Ask Your Question

Revision history [back]

click to hide/show revision 1
initial version

Here are some statistics based on tests with a text file version of The Histories by Herodotus. The UTF-8 text file is here (download, rename from JPG to ZIP and extract the TXT file) for others to test various versions of different products in a comparable manner.

Test parameters

The text file has these dimensions:

  • File size (bytes): 1540211 (on an ext3 volume).
  • Characters (including spaces): 1535760.
  • Words: 270607.
  • Lines: 33494 (it contains many CRLF characters to try and replicate the page layout of the original work).

I have tested opening this text file using:

  • LibreOffice Writer v4.1.4.2 Build ID: 0a0440ccc0227ad9829de5f46be37cfb6edcf72
  • MS Office 2011 Word for Mac v14.3.9

... and saving to these formats:

  • ODF v1.2 Extended i.e., ODT.
  • MS Office 97/2000/XP/2003 (.doc) i.e., the old binary format.
  • MS Office 2007/2010 XML (.docx) i.e., OOXML.

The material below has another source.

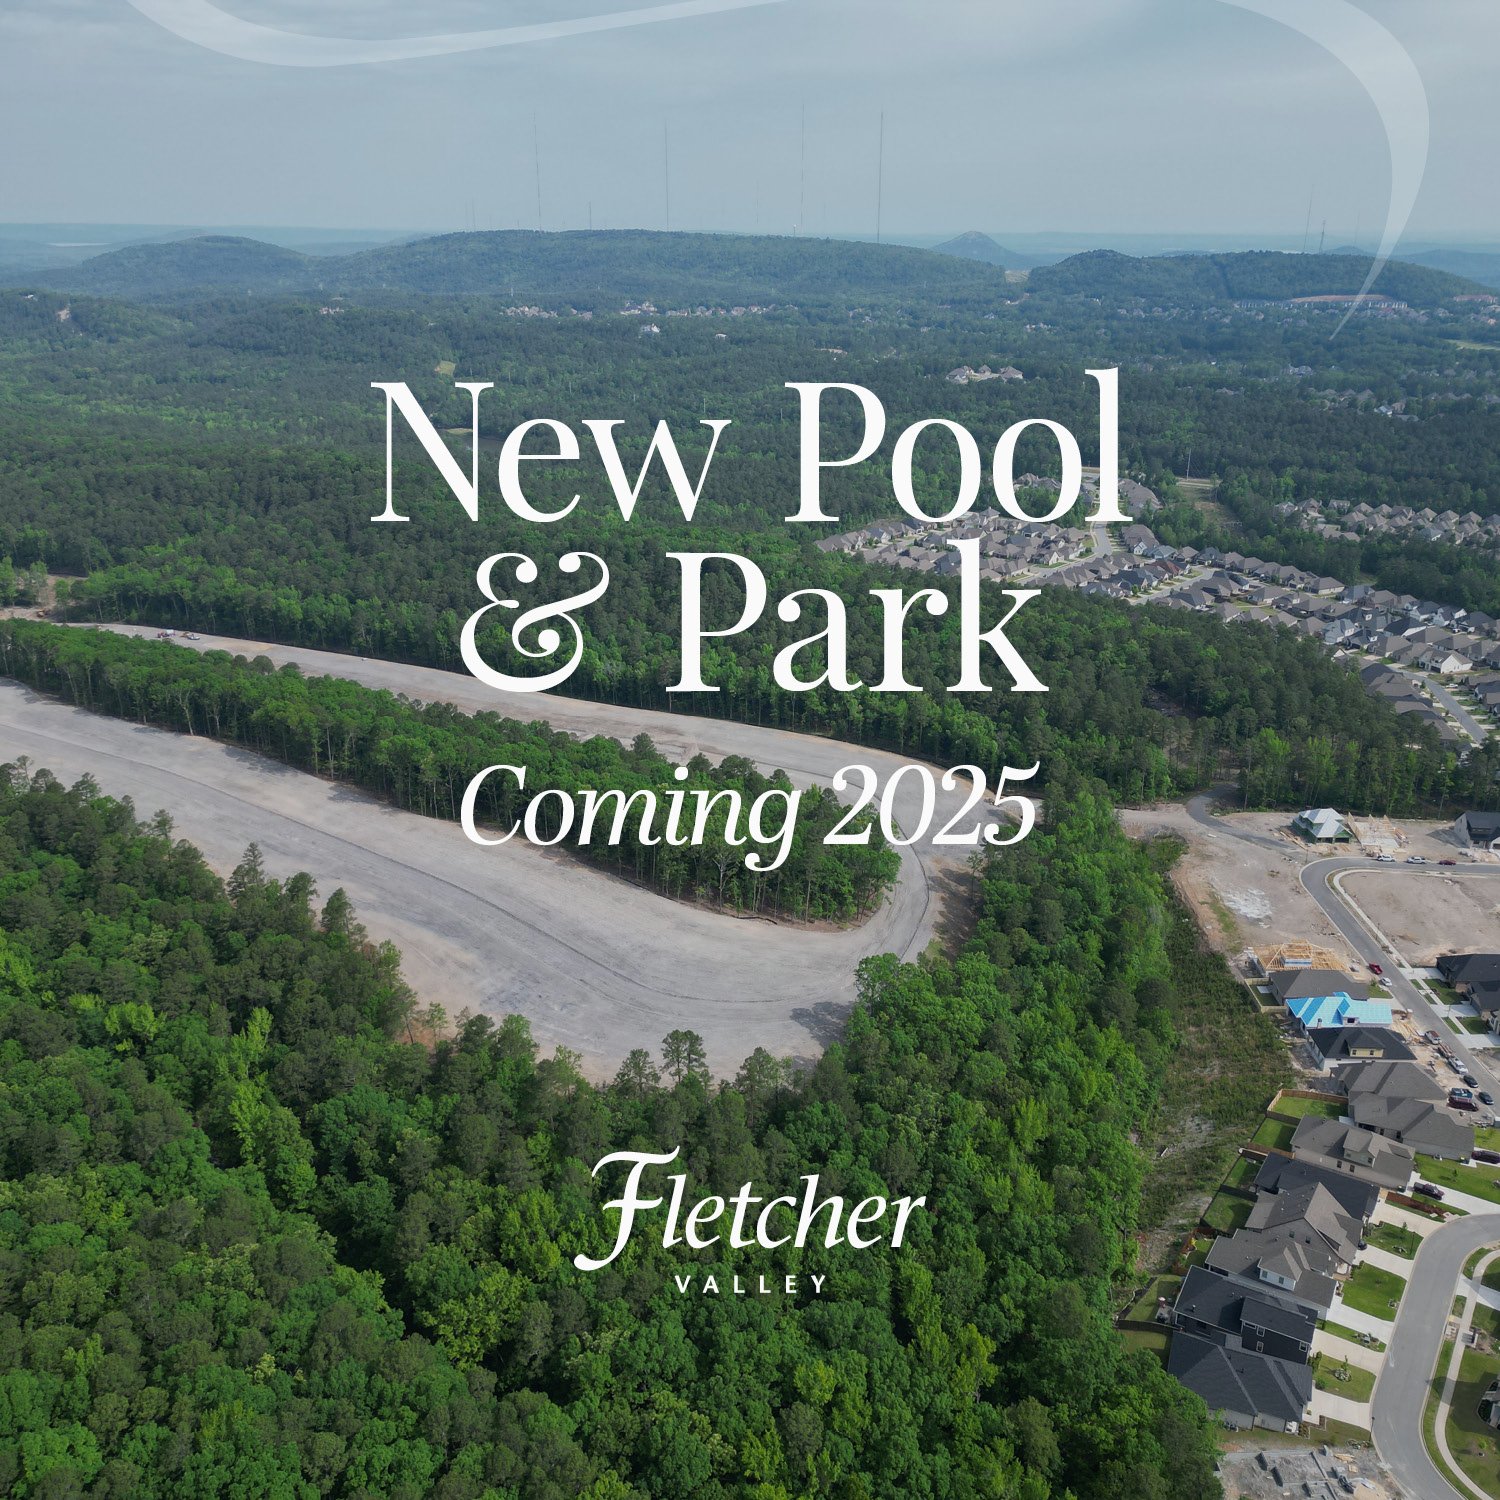 Exciting news for Fletcher Ridge! We just kicked off the planning process to build a new park and pool for this vibrant, connected community. Stay tuned for updates in the coming months! (Looking for a dream home that's big on quality, convenience an

I have also tested re-saving the various DOC and DOCX files back to ODT.

Results

For the versions tested and for the same process when using plain text, ODT produces a noticeably smaller file when compared with the DOC and DOCX equivalent. Note that while file sizes can be directly compared on a per-equivalent-format basis, (e.g., DOC as saved by LO with DOC as saved by MSO), it is inaccurate to the compare percentage gains across formats where the original files differ in size. For this reason the percentages shown in the tables are all in relation to the size of the original text file. Cross-comparisons are more easily made in this way.

table of results

For the DOC and DOCX formats LO produces a:

  • Larger DOC file than MSO 2011 e.g., ~3830000 vs 2616320 bytes / ~250% vs ~170% of the TXT file.
  • Smaller DOCX file than MSO 2011 e.g., ~696000 vs 1043855 bytes / ~45% vs ~68% of the TXT file.

Round trips, whether into different formats or the same format, does vary these figures. I have not bothered to show repeated saves into the originating format, with the exception of .doc (MSO created) -> .doc (LO saved) and .docx (MSO created) -> .docx (LO saved). The trend in file sizes when saving to non-native formats will tend to be: earlier versions of LO will create smaller files and later versions larger files. This is due to improved understandings of the underlying specification and improved implementation of corner cases, etc.

Why are there differences?

So why do the two products differ when saving to the same file format? Why does a DOCX of plain text, as originally saved by MSW2011, come out at ~68% and when this is subsequently saved by LOv4142 it becomes ~46%. Conversely, why does a DOCX of plain text, as originally saved by LOv4142, come out at ~45% and when this is subsequently saved by MSW2011 it becomes ~57%. What is going on?

This is largely due to two different implementations of the underlying specification (OOXML in this case) and is best demonstrated by a simple example. Here is part of the XML generated by MSW2011 for a DOCX containing only a single lowercase "a" character (i.e., word/document.xml):

<w:p w:rsidR="00FC5F07" w:rsidRDefault="00C8189F">
    <w:r>
        <w:t>a</w:t>
    </w:r>
    <w:bookmarkStart w:id="0" w:name="_GoBack"/>
    <w:bookmarkEnd w:id="0"/>
</w:p>

... and here is the XML produced by LOv4142 for the same type of file with the same content:

<w:p>
    <w:pPr>
        <w:pStyle w:val="style0"/>
        <w:rPr/>
    </w:pPr>
    <w:r>
        <w:rPr/>
        <w:t>a</w:t>
    </w:r>
</w:p>

There are other differences in that file (and that is only one file among several in the DOCX) but hopefully it illustrates the point about implementations differing. Both are perfectly valid, but they contain slightly different information.

If we now open the DOCX produced by LOv4142 (the immediately prior example) using MSW2011 and re-save it, again to the DOCX format, it will look like:

<w:p w:rsidR="00CD406C" w:rsidRDefault="002833E4">
    <w:bookmarkStart w:id="0" w:name="_GoBack"/>
    <w:bookmarkEnd w:id="0"/>
    <w:proofErr w:type="gramStart"/>
    <w:r>
        <w:t>a</w:t>
    </w:r>
    <w:proofErr w:type="gramEnd"/>
</w:p>

The XML is different again, which is typical for round trips like this. The same process also happens in reverse, but LO generally takes a simpler approach, tending to produce (IMO) more consistent and cleaner XML. This is not always the case though. What I have shown here is a basic example. Start adding in headers, footers, section breaks, paragraph styles, direct formatting and other elements (all still text) and the underlying markup can become quite complex and the file size in different formats can vary accordingly.